Simulated Author's Rebuttal

3 responses · 0 unresolved

We thank the referee for the constructive and detailed comments, which help improve the rigor of our presentation. We address each major comment below and will revise the manuscript to incorporate clarifications and additional analyses where appropriate.

read point-by-point responses
  1. Referee: [§4 Experiments] §4 (Experiments) and evaluation protocol: Agents are evaluated directly on the same coding/science/math task distributions used to populate the archive during search, with no mention of held-out validation sets, separate test splits, or regularization against task-specific exploitation. This setup makes the outperformance and cross-domain transfer claims vulnerable to overfitting to benchmark idiosyncrasies; a concrete fix would be to re-run searches with held-out data and report whether gains persist.

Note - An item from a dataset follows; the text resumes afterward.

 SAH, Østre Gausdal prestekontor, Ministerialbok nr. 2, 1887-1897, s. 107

    Authors: We acknowledge the concern regarding potential overfitting to the task distributions used during search. However, the observed strong transfer performance across entirely distinct domains (coding to science/math) and models already provides substantial evidence against task-specific exploitation, as the agents were never exposed to the target domain or model during search. To further address this, we will add experiments in the revised manuscript that re-run the Meta Agent Search process using held-out task splits for final evaluation and report whether the performance gains and transfer properties persist under this stricter protocol. revision: yes

  2. Referee: [§3 Meta Agent Search] §3 (Meta Agent Search algorithm): The description of how the meta-agent selects and generates new agents from the archive lacks detail on safeguards against non-functional, hallucinated, or trivial code, and on archive management (e.g., pruning or diversity mechanisms). This is load-bearing for the claim of reliable progressive improvement, as ineffective programs could dominate without explicit controls.

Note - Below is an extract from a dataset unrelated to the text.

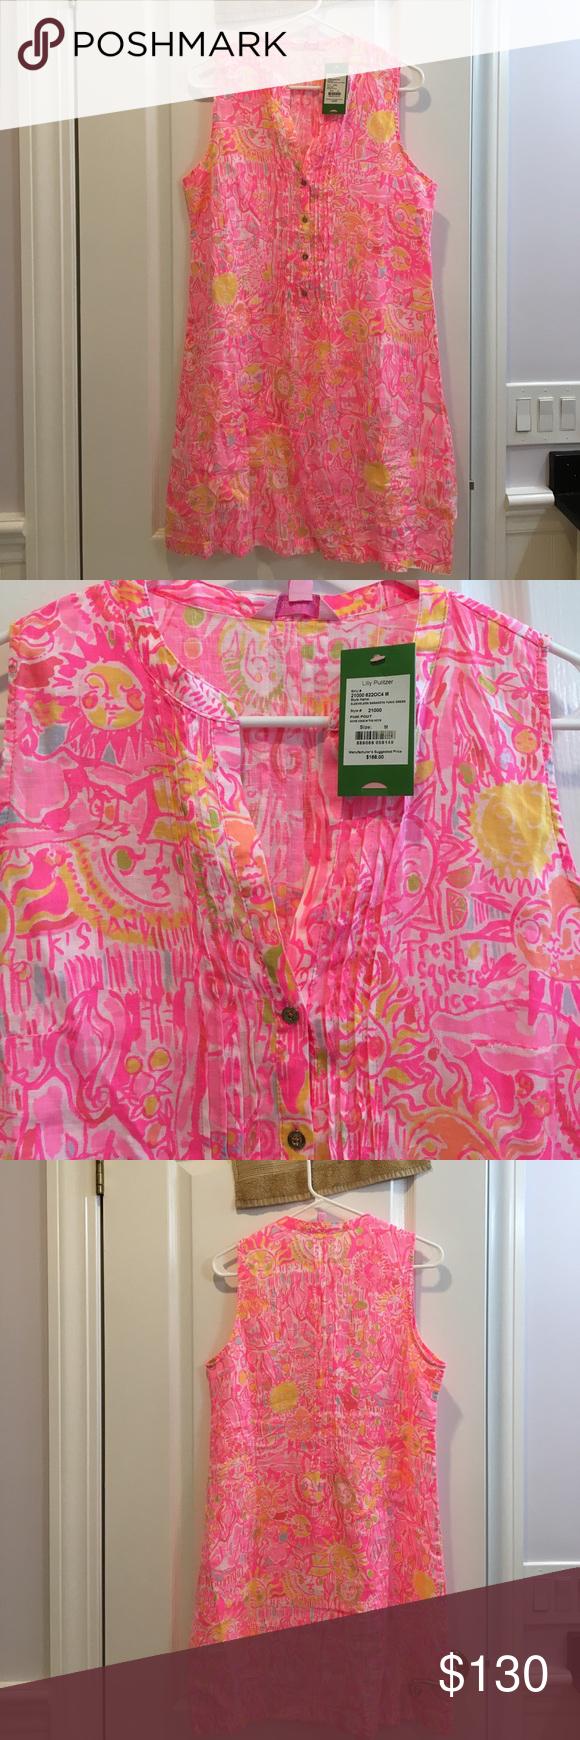 NWT Lilly Pulitzer Dress. Sleeveless Sarasota Tunic dress in pink ...

    Authors: We will expand Section 3 with additional details on the safeguards and archive management. This includes the specific prompting techniques used to minimize hallucinated or non-functional code, the execution-based validation steps that filter out invalid agents before archive insertion, and the mechanisms for maintaining diversity (e.g., embedding-based selection) along with periodic pruning of low-performing or redundant entries. These controls are already present in the implementation and ensure reliable progressive improvement; we will make them explicit in the text. revision: yes

  3. Referee: [Results tables] Results tables (e.g., Tables 1–3): No reporting of number of independent runs, standard deviations, or statistical significance tests for the performance deltas versus baselines. Without these, it is impossible to determine whether the reported gains are reliable or could be explained by variance in the underlying foundation-model evaluations.

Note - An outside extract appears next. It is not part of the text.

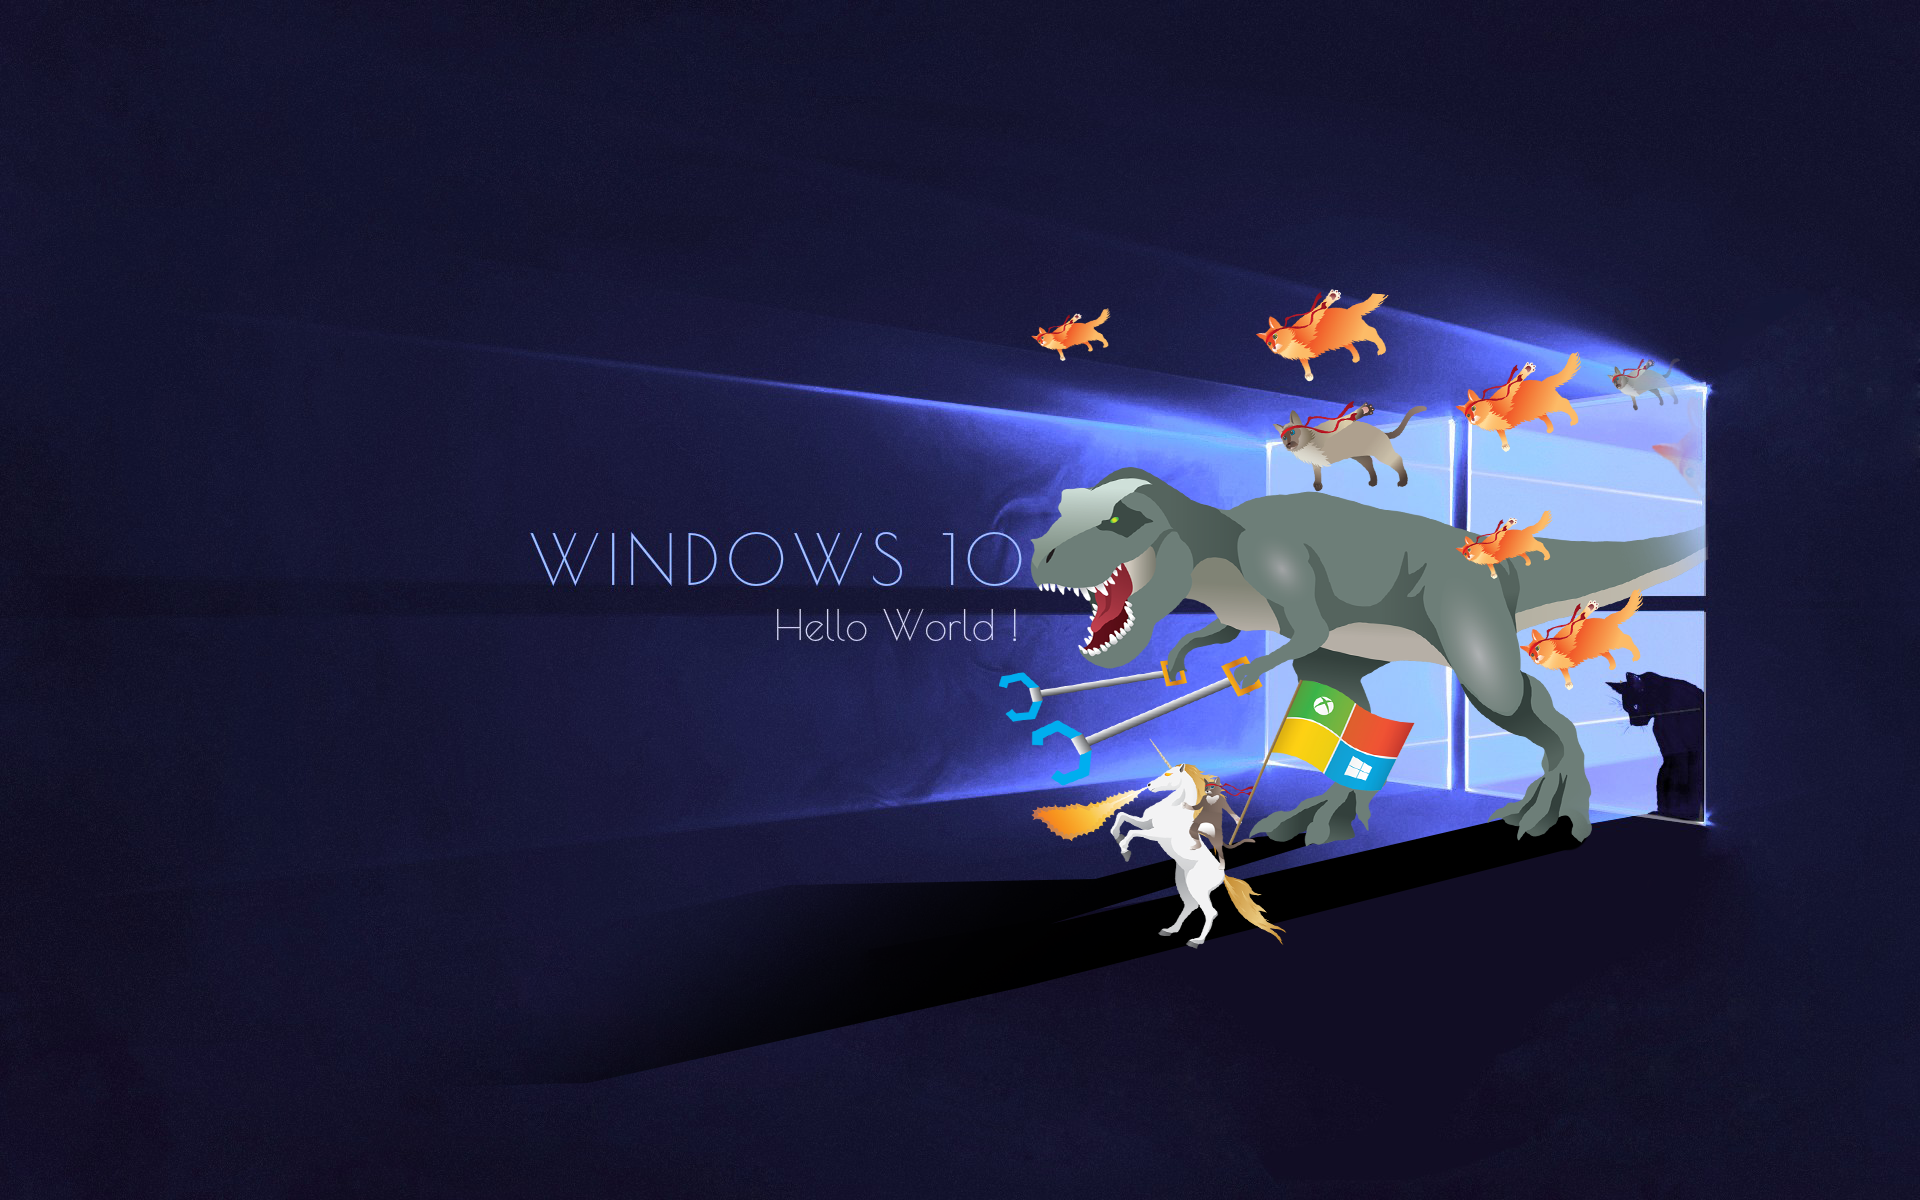 Ninja Cat Wallpaper Windows 10 - WallpaperSafari

    Authors: We agree that statistical reporting is essential for assessing result reliability. In the revised manuscript, we will update Tables 1–3 (and any related figures) to include the number of independent runs (we performed 5 runs per experiment), report standard deviations alongside mean performance, and add statistical significance tests (paired t-tests with p-values) comparing our discovered agents against the baselines. revision: yes

Circularity Check

0 steps flagged

Empirical benchmark validation on external tasks shows no circular reduction

full rationale

The paper's core contribution is an iterative archive-based search algorithm (Meta Agent Search) that generates and evaluates agent code on independent coding/science/math benchmarks. Performance claims are measured against hand-designed baselines using standard task metrics, not derived from or defined in terms of the search process itself. No load-bearing self-citations, fitted parameters renamed as predictions, or self-definitional equations appear in the derivation; results are falsifiable external evaluations. This matches the default case of honest non-circularity.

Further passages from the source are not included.